Question

Alex bought a new car for his daughter. He knows the value of the car will decrease at a constant rate. After 3 years, the value of the car is $15,000. After 5 years, the value of the car of $11,000. Write and solve a linear equation to find the value of the car after 8 years. (Drop down and select)

y-______=______(x-____)
The value of the car after 8 years will be ______.

Answer 1

To find the value of the car after 8 years, we can use the slope and y-intercept to write a linear equation. The equation is y = -1000x + 18000, where x is the number of years and y is the value of the car.
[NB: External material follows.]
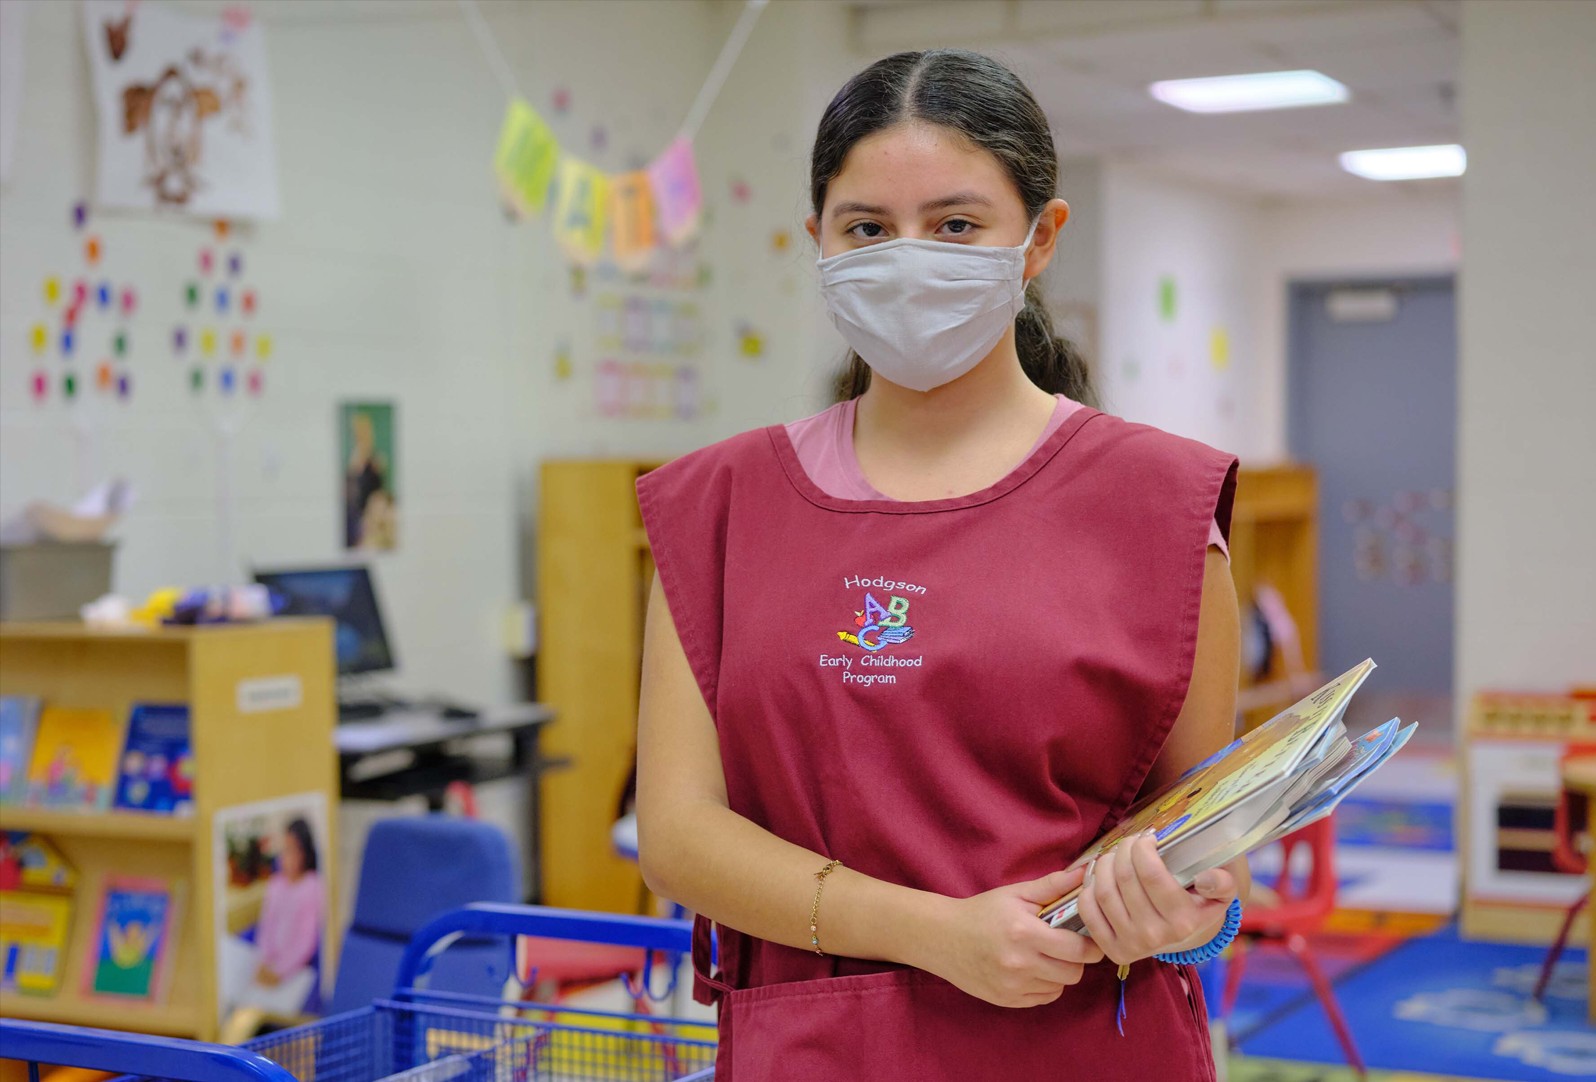 Students in Delaware participate in the state‘s expanded career pathways program, including programs in health care and early childhood education.

Substituting x = 8 into the equation, we find that the value of the car after 8 years will be $10,000.

Step-by-step explanation:

To write a linear equation, we need to determine the slope and y-intercept. We can use the given values to find the slope using the formula (change in y) / (change in x).

Using the values (3, 15000) and (5, 11000), we can calculate the slope as (11000-15000) / (5-3) = -2000 / 2 = -1000.

Now that we have the slope, we can use the point-slope form of a linear equation: y - y1 = m(x - x1). Substituting the values (3, 15000) and the slope (-1000), we get the equation y - 15000 = -1000(x - 3). Solving for y, we find y = -1000x + 18000.

To find the value of the car after 8 years, we substitute x = 8 into the equation and solve for y. y = -1000(8) + 18000 = -8000 + 18000 = 10000. Therefore, the value of the car after 8 years will be $10,000.